White Papers

When designing the optimal platform to use for a neural network, how that particular neural network is constructed is
crucial in determining what options are best for it at other layers of the stack. In general, the platform designer’s
goal is to understand how data is moved in, out, and around inside of the system to tune features in a manner
that most efficiently eliminates data choke points or bottlenecks.

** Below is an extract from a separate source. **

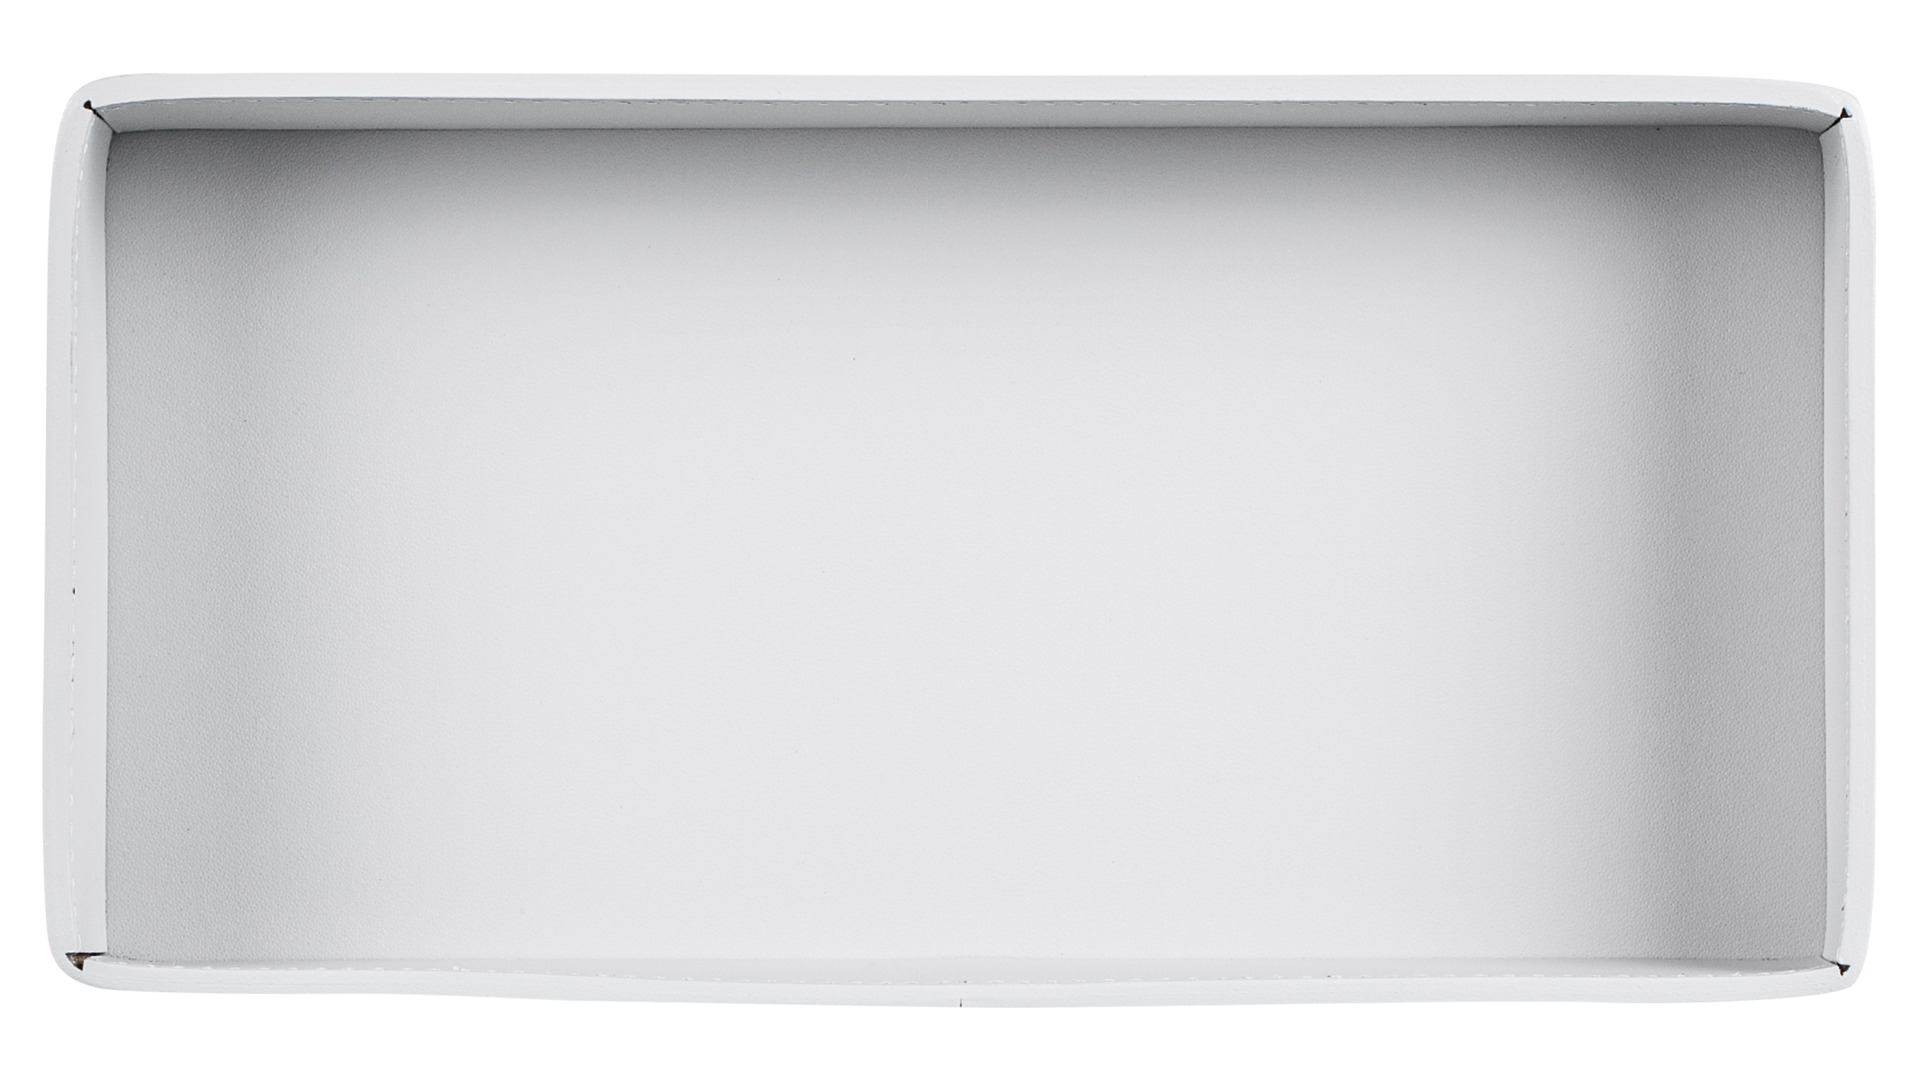 Мелочница прямоугольная Rudi Нарцисо 24,5х12,5 см, светло-серый

For example, small neural networks that can be computed relatively quickly might create a tremendous demand on
data set ingest bandwidth either from local storage or remote data pools and consequently would be potentially
bottlenecked by slow storage devices or narrow I/O bandwidth. Pairing this type of neural model with a high
performance accelerator platform that lacks significant I/O bandwidth would also result in under-utilized compute
hardware.
As another example, very large neural networks with a large number of input features and/or activation layers, may not
fit comfortably inside of a single accelerator’s onboard memory or need to swap weight calculations in and out of the
page file during each iteration. This type of model might operate most efficiently when the stored weights can be
exchanged and multiplied across multiple accelerators. So, a hardware platform that offers multiple accelerators would
be the right choice in this case. But note that the distribution of operations to multiple accelerators is handled
differently by different hardware offerings and frameworks, so the efficiency of distribution varies accordingly. Also note
that not every neural network benefits equally from multiple accelerators or at least not at the same scaling
efficiency. (See the following sections.)
Framework layer
Neural network models run on deep learning software frameworks. The proliferation of frameworks, while primarily
open source in nature, has largely stemmed from academia and a number of hyperscale service providers each
attempting to advance their own particular code. You can run virtually any neural network on any deep learning
framework, but they are certainly not all created equal. The manner in which frameworks utilize the underpinning
hardware varies from framework to framework. While end users often choose a framework based on coding familiarity,
there are a number of factors to consider that impact neural network performance:
How a framework makes math library calls (and which libraries it uses), how it pulls apart the tensor
multiplication operations, and how it maps these operations into the physical hardware are all unique to that
framework.
Some frameworks are better at scaling outside of a single server to use multiple servers working together - and
some are not capable of scaling out at all.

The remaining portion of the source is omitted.